* PROBLEM DESCRIPTION
Output exactly the lines below, starting with the line that has "YOU+MORE! お札を入れたらペロリと閉じる 犬のヘッヘッヘポチ袋の会" and going on through the line that has "Corduroy Craftsman pants brown", both included, and no other lines.

[Source data]
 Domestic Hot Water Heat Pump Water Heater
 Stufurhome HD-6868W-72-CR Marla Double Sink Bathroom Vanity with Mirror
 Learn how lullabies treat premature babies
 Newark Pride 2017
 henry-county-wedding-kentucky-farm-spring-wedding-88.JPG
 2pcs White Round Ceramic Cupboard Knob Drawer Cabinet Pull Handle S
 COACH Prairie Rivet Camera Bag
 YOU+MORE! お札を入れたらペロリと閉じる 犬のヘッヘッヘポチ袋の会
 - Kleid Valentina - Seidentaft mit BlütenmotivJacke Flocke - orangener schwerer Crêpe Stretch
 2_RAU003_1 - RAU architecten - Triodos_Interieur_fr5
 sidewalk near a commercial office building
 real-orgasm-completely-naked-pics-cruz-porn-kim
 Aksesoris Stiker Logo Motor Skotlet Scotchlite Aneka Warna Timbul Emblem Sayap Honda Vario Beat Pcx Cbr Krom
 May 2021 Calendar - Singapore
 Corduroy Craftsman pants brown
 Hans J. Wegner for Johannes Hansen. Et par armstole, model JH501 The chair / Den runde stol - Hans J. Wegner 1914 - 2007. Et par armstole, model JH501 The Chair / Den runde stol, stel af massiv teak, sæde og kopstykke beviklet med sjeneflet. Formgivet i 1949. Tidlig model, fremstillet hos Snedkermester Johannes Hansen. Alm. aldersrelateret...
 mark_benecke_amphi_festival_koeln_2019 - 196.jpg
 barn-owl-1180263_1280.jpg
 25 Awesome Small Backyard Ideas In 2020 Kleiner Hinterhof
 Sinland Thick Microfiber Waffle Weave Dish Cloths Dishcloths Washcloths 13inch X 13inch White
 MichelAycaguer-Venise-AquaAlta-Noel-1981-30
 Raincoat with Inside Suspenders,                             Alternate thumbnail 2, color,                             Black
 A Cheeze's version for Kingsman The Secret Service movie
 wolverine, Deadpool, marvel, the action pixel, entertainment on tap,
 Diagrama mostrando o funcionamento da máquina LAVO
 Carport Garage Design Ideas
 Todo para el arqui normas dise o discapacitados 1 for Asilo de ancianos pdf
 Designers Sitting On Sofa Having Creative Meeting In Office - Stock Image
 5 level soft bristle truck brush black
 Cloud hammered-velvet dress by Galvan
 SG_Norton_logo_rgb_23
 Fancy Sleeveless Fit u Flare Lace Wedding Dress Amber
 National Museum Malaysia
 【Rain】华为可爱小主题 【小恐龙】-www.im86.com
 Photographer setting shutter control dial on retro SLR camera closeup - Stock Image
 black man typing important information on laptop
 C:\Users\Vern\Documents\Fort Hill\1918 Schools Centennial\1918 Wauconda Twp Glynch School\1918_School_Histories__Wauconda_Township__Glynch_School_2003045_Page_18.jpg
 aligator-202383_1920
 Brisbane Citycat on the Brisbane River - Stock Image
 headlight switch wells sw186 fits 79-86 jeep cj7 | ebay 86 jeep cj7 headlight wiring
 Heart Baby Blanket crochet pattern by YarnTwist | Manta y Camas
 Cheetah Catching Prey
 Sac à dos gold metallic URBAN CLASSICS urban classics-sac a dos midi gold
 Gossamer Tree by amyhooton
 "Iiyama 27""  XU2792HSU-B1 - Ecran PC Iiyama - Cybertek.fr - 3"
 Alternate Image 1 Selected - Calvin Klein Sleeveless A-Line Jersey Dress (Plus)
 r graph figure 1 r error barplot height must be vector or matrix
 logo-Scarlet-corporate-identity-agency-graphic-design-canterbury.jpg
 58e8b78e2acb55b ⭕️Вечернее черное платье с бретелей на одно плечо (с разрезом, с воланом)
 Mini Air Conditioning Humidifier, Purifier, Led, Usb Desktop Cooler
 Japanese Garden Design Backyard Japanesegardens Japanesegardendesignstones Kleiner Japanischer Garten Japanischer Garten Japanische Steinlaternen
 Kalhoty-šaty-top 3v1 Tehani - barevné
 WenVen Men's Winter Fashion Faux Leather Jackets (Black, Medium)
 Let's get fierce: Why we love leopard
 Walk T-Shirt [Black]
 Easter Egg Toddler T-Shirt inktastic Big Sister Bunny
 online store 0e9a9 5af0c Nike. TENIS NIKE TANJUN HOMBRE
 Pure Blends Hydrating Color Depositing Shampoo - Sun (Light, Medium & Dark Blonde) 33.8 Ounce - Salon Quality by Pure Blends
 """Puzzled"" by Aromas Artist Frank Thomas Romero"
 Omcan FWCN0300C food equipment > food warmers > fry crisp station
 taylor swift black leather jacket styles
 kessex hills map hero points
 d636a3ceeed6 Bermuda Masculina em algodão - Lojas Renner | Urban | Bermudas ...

* RESPONSE BELOW
 YOU+MORE! お札を入れたらペロリと閉じる 犬のヘッヘッヘポチ袋の会
 - Kleid Valentina - Seidentaft mit BlütenmotivJacke Flocke - orangener schwerer Crêpe Stretch
 2_RAU003_1 - RAU architecten - Triodos_Interieur_fr5
 sidewalk near a commercial office building
 real-orgasm-completely-naked-pics-cruz-porn-kim
 Aksesoris Stiker Logo Motor Skotlet Scotchlite Aneka Warna Timbul Emblem Sayap Honda Vario Beat Pcx Cbr Krom
 May 2021 Calendar - Singapore
 Corduroy Craftsman pants brown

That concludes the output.